Bucket Elimination


Table of contents

Bucket elimination is a generalisation of variable elimination that works for any distribution (including non-tree structured distributions). It can be considered as a way to organise the distributed summation when doing marignal variable elimination.

Algorithm

  1. Define an ordering of variables beginning with “marginal variable”
  2. Draw the buckets starting with the “marginal variable” at the bottom
  3. Distribute the potentials over the buckets in the first column:
    • Start with the highest bucket and put all potentials mentioning the variable in the bucket
    • Go to the next bucket and put all REMAINING potentials mentioning the variable in the bucket
  4. Eliminate the buckets:
    • Go to the highest (non-marginalized) bucket and
    • Marginilize the product of the bucket potentials and the bucket message over the bucket variable
    • Send the result (the message) to the highest bucket with bucket variables present in the message
    • Write non-eliminated potentials and the message in the next column
  5. The product of the bucket potentials and bucket messages on the last row, last column is the marginal distribution

Example

Let’s say we have the following model:

bucket elimination

Where we have:

\[\begin{align} p(f) &= \sum_{a,b,c,d,e,g} p(a,b,c,d,e,f,g) \\ &= \sum_{a,b,c,d,e,g} p(f\mid d) p(g\mid d,e) p(c\mid a) p(d \mid a,b) p(a) p(b) p(e) \end{align}\]

Here we can push some summations inside, lets say we use the following order: e,c,b,g,a,d

\[p(f) = \sum_d p(f\mid d) \sum_a p(a) \sum_g \sum_b p(d\mid a,b)p(b) \sum_c p(c\mid a) \sum_e p(g\mid d,e) p(e)\]

Follow the procedure in the image below:

  1. F-D-A-G-B-C-E
\[\gamma_E(d,g) = \sum_E p(g\mid d,e) p(e)\] \[\gamma_C() = \sum_A p(c\mid a) = 1\] \[\gamma_B(a,d) = \sum_B p(d\mid a,b)p(b)\] \[\gamma_G(d) = \sum_G \gamma_E(d,g)\] \[\gamma_A(d) = \sum_A p(a) \gamma_B(a,d)\] \[\gamma_D(f) = \sum_D p(f\mid d) \gamma_A(d) \gamma_G(d)\]

bucket elimination

Remarks

  • If you need other marginals you need to re-order the variables and re-run the algorithm.
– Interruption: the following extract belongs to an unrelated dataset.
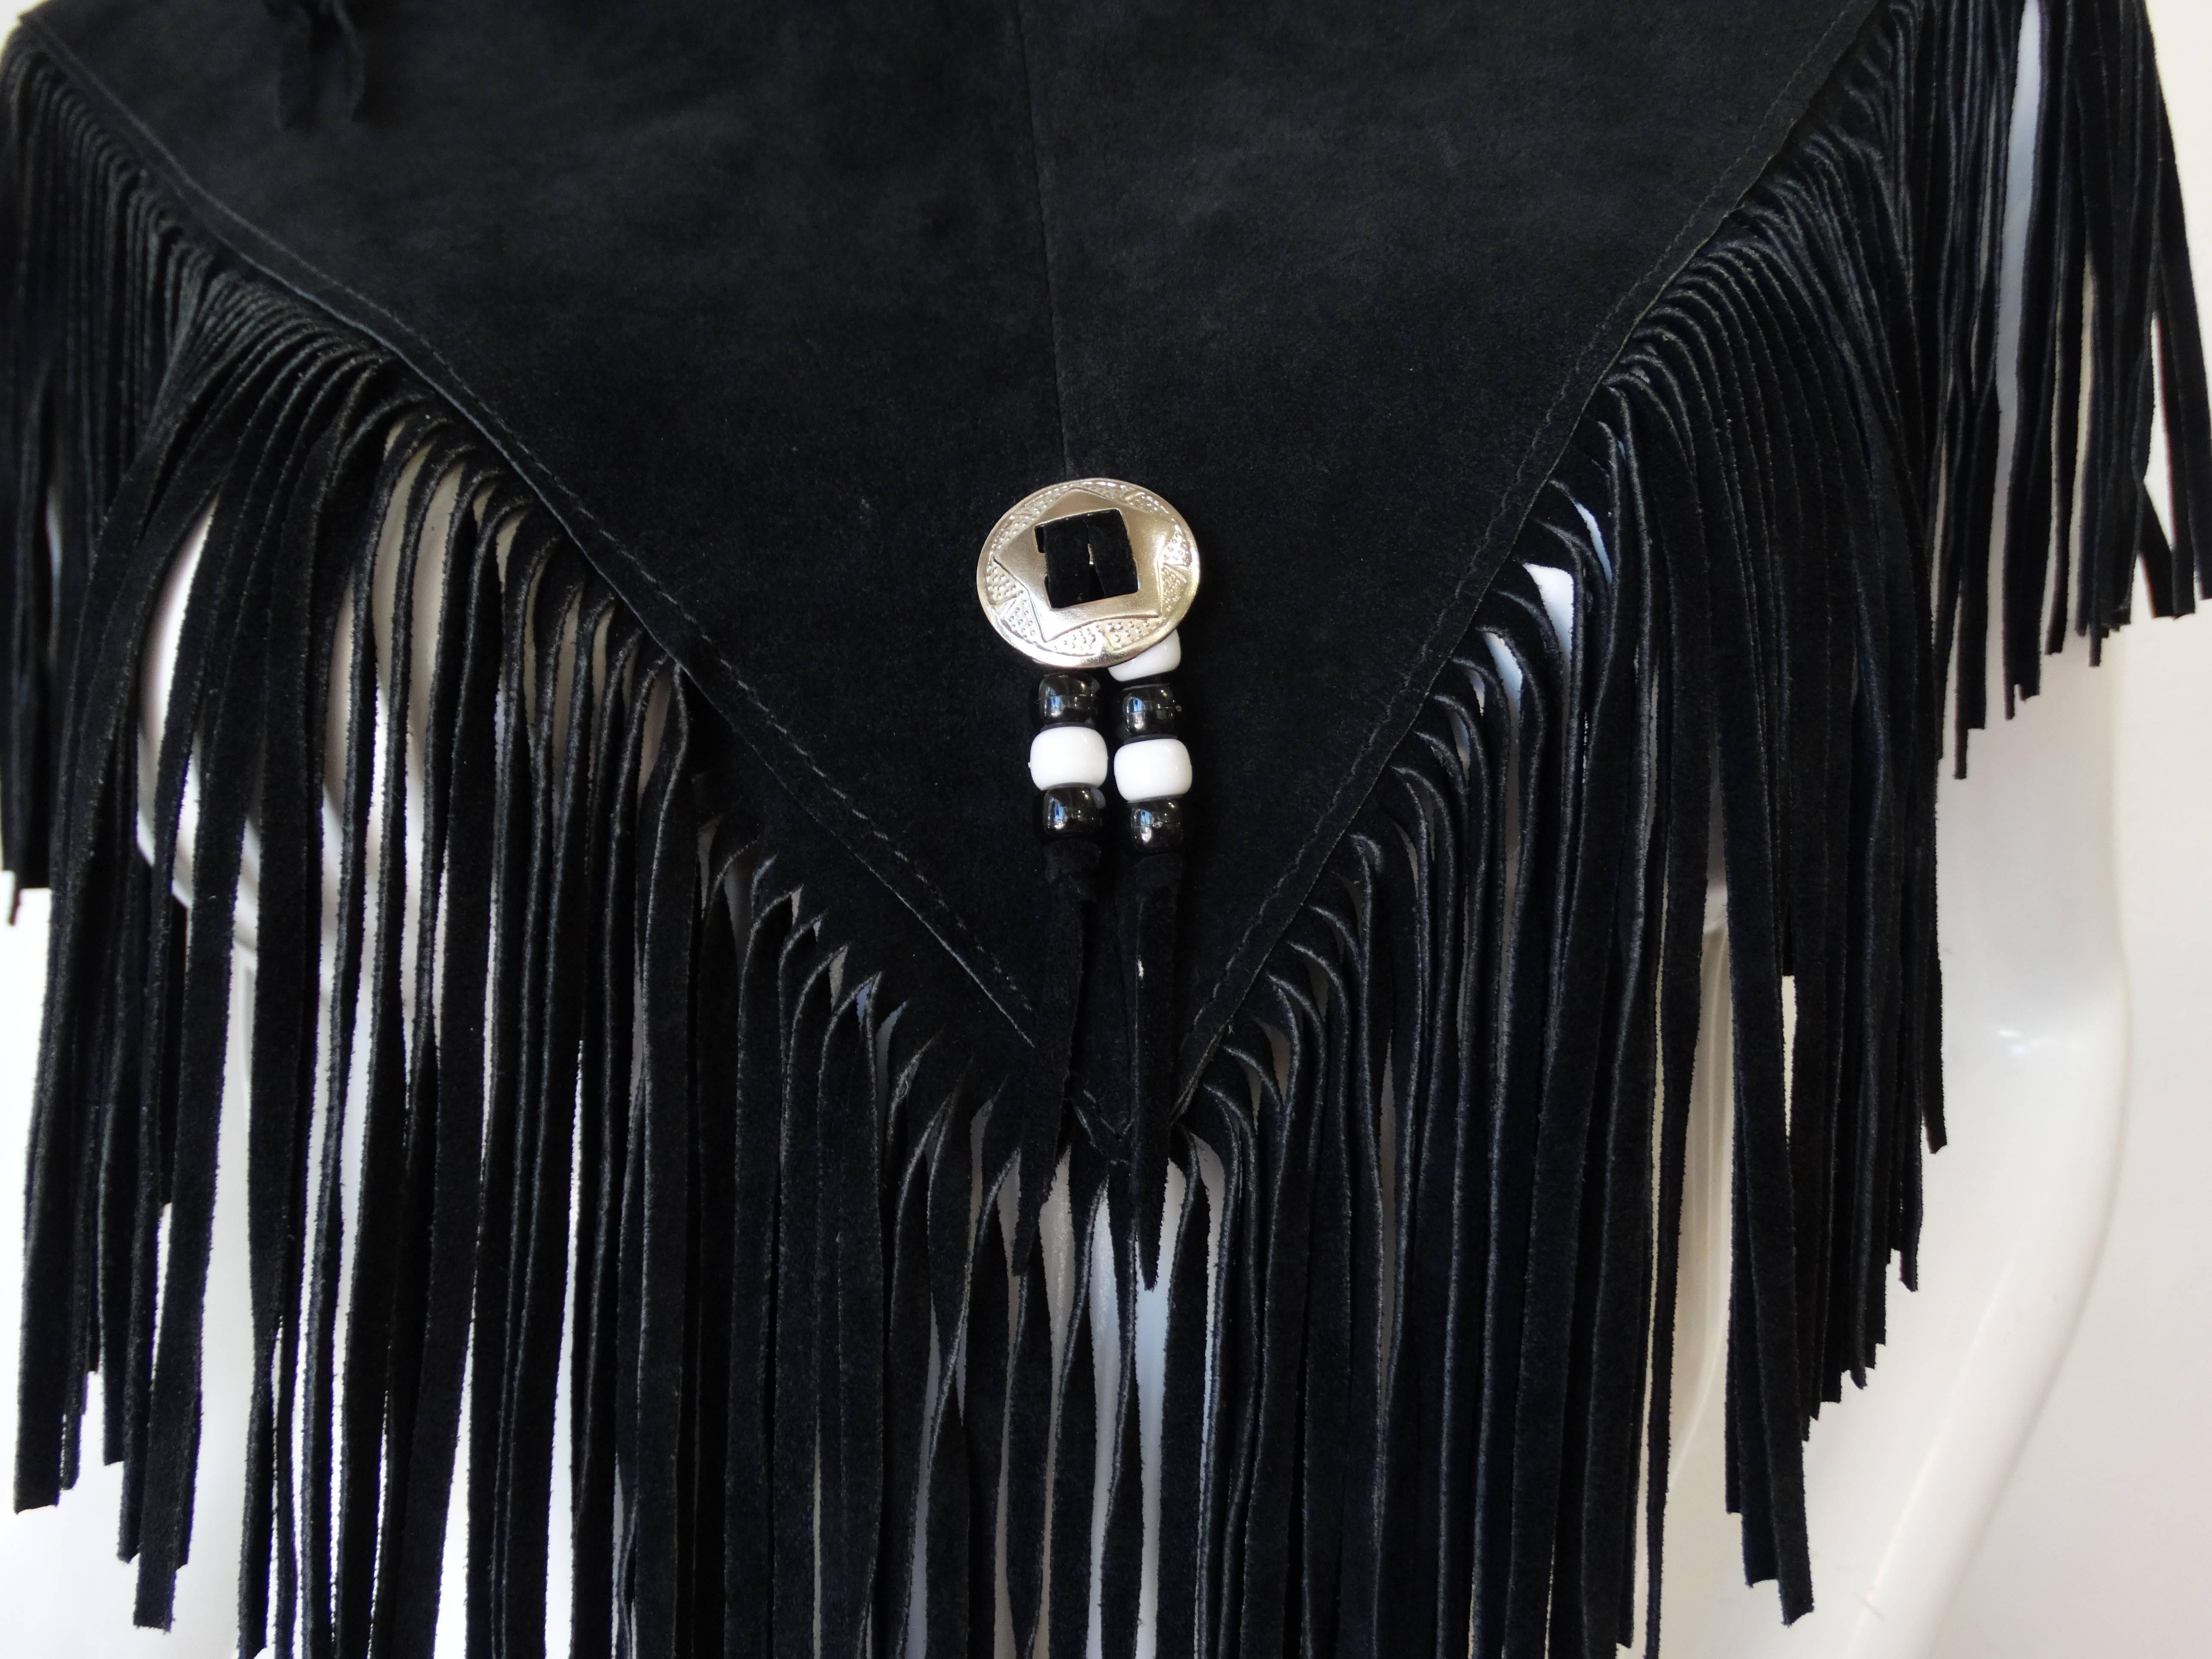 The perfect piece for your upcoming festival wardrobe! Made of a soft black suede. Yoke silhouette- sits comfortably on the shoulders. Long fringe trim, accented with silver concho charms and black and white beads. Pair with a bralette and some

This is not efficient. It would be more efficient to reuse messages, rather than recalculating them each time.
  • Bucket elimination constructs multi-variable messages from bucket to bucket. The storage requirements of a multi-variable message are in general exponential in the number of variables in the message.
  • For singly connected graphs: perfect ordering exists that makes computational complexity linear in the number of variables. However, orderings exist for which bucket elimination will be extremely inefficient.